How do you feel software pirating effects you as a programmer?

My goal is to someday work on Android or something similar, I've been rooting/flashing/modding for a few years now and I love it.

If someone finds kindness enough in their hearts to help me I might be inclined to paypal you a donation!!!!!

Thanks in advance, Steven


----------



## yarly (Jun 22, 2011)

You go to college to study computer science to learn computer _science_ (emphasis on the science part [i.e. problem solving]). If you're not sure what computer science is or think it's just programming, then i seriously recommend reading more about it and why schools are not just teaching you "programming flavor language of the month". Programming is just one of the tools for computer science.
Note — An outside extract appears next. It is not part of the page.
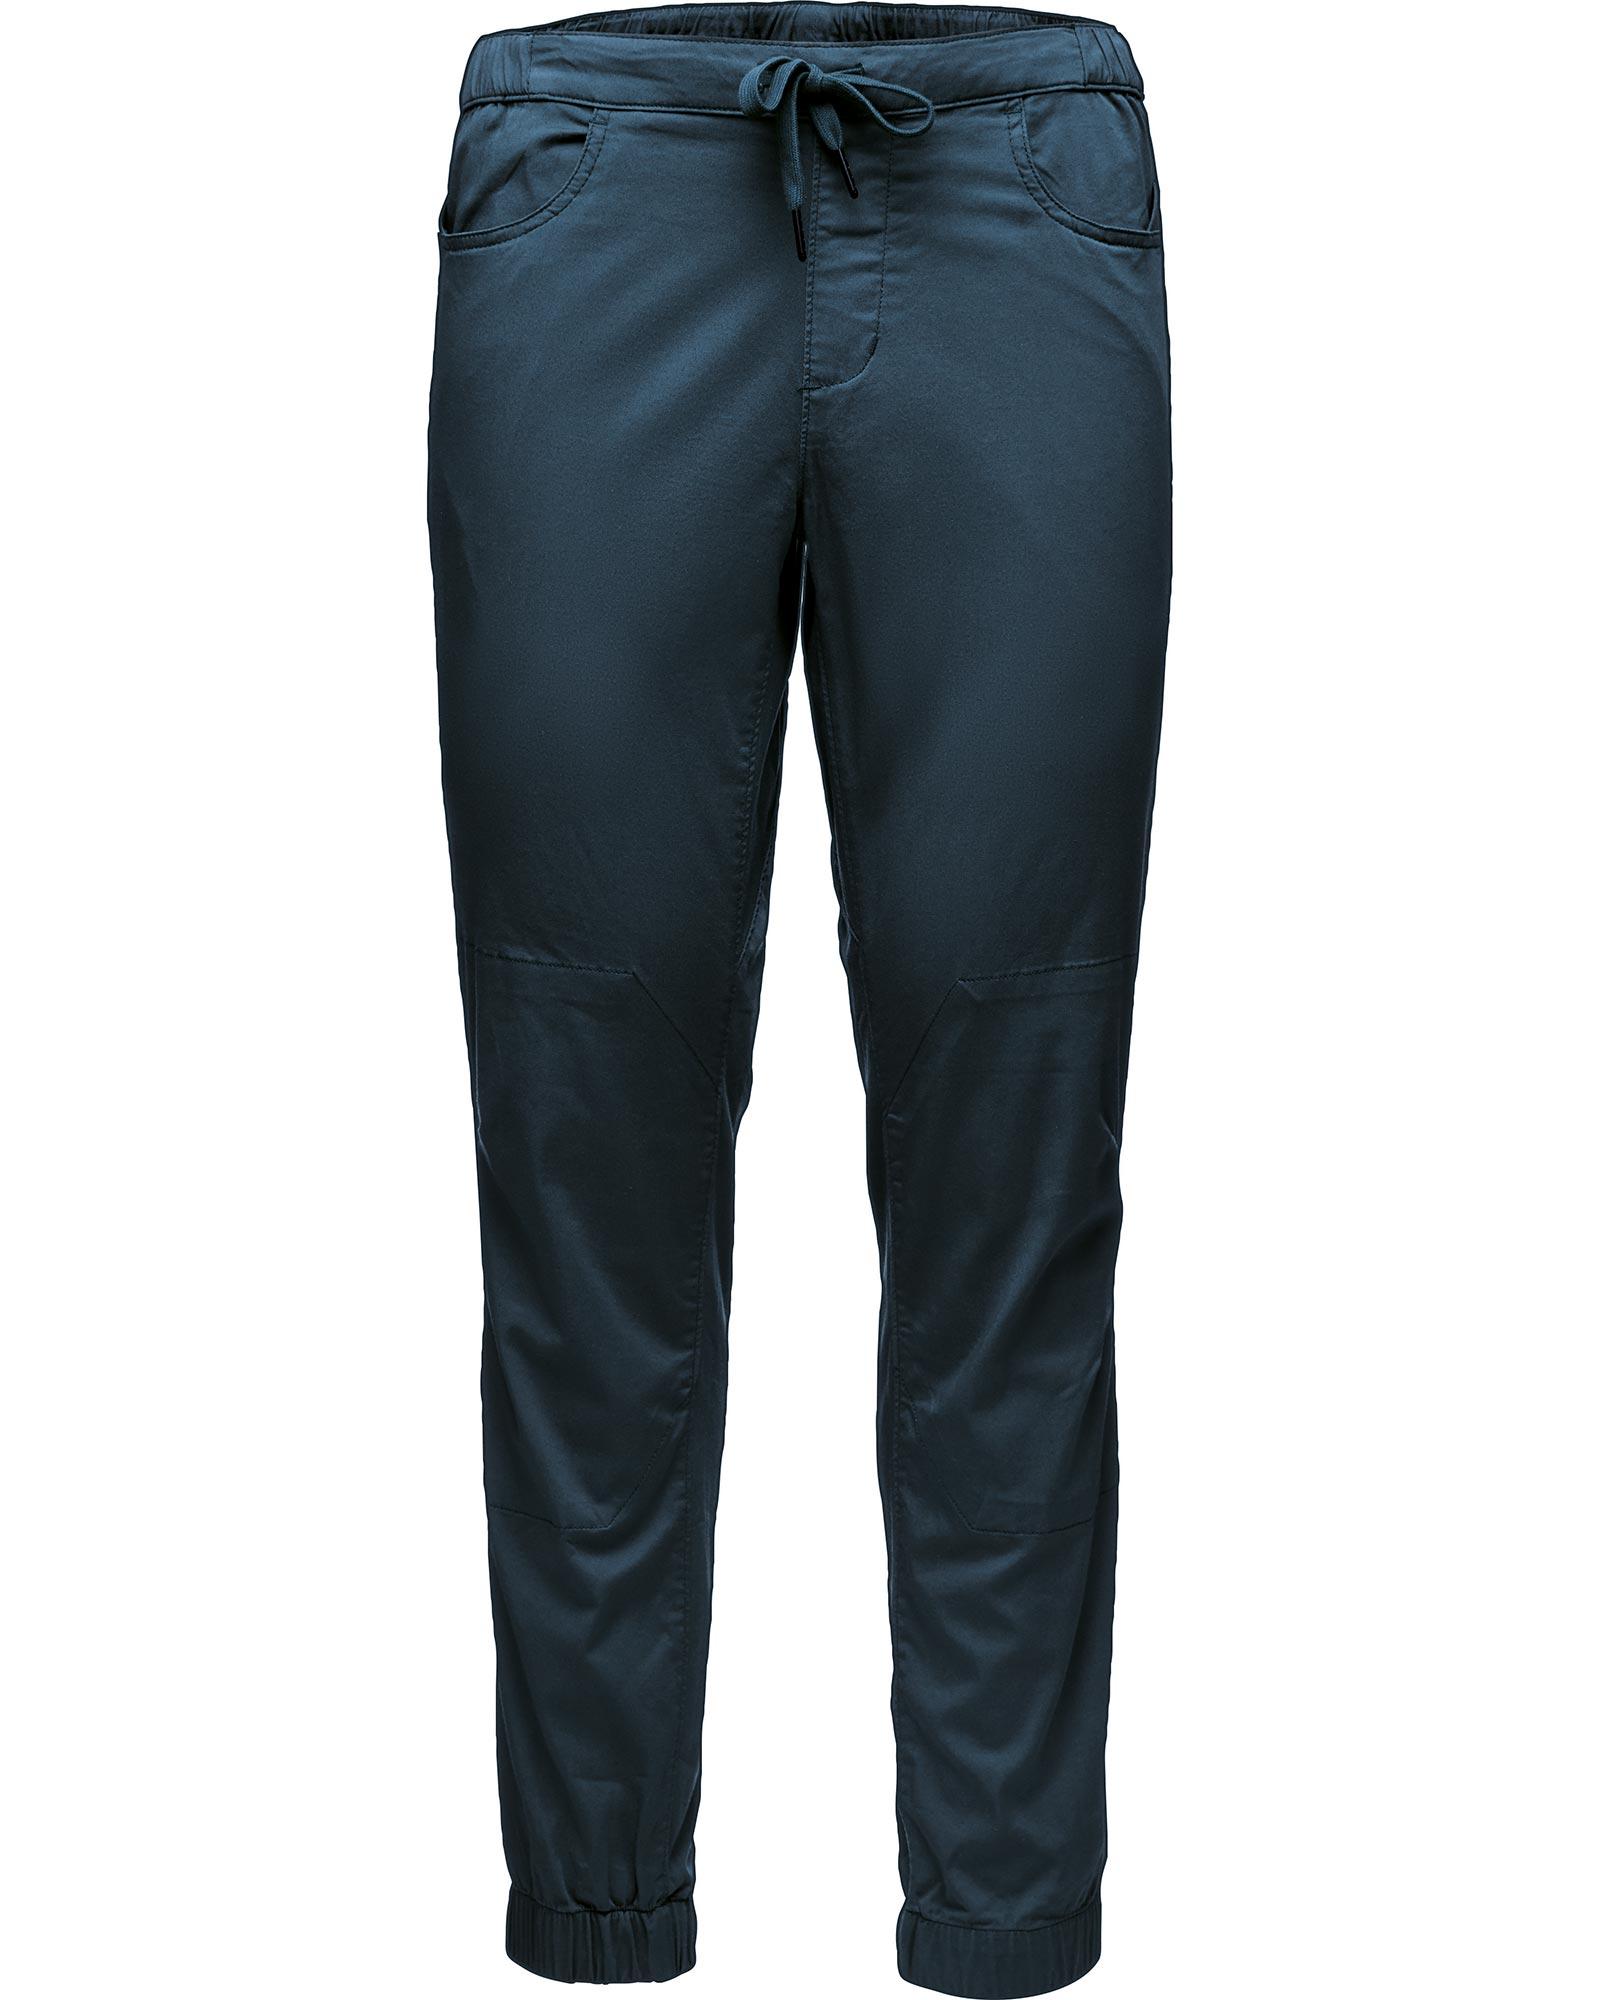 Black Diamond Men's Notion Pants 0

If you want to learn a trade/vocation (programming to the latest languages x company wants people to know), read some books on programming instead and attend a 2 year technical school. That was not to sound harsh, but most people that don't know what Computer Science really is, think it's basically just learning programming so you can get a job programming.


----------



## DizzyThermal (Jun 15, 2011)

I'm going to agree with yarly on this one..

To add my two cents I'll start by saying that there are two _styles_ of programming: *procedural* programming and *object-oriented* programming.. A lot of schools will teach procedural programming first because the scope is a lot smaller and focuses more on step by step execution. Once you get a good grasp of procedural programming you are normally introduced to the object-oriented stuff (classes, objects, etc)..

However, once you learn an object-oriented language well (like C++ or Java for instance) it isn't that hard to go and learn syntax. Yes, there are some things that one language will have that the other might now (such as C++ has the ability to overload operators (=, <, >, etc) with user-defined classes.. In Java, you would have to just make a function.. Ex: add(customClass1, customClass2);

The best thing to grasp from the 2-4 years you spend going through a Computer Science degree is how to take a problem and figure out a solution, not fill a resume up with every computer language in the book..









Either way, good luck!


----------



## Maverick0984 (Oct 14, 2011)

I think people might be being a little too harsh here, sure Computer Science teaches more than just programming, but I am pretty sure he is just creating questions for his assignment. Don't take things too literal.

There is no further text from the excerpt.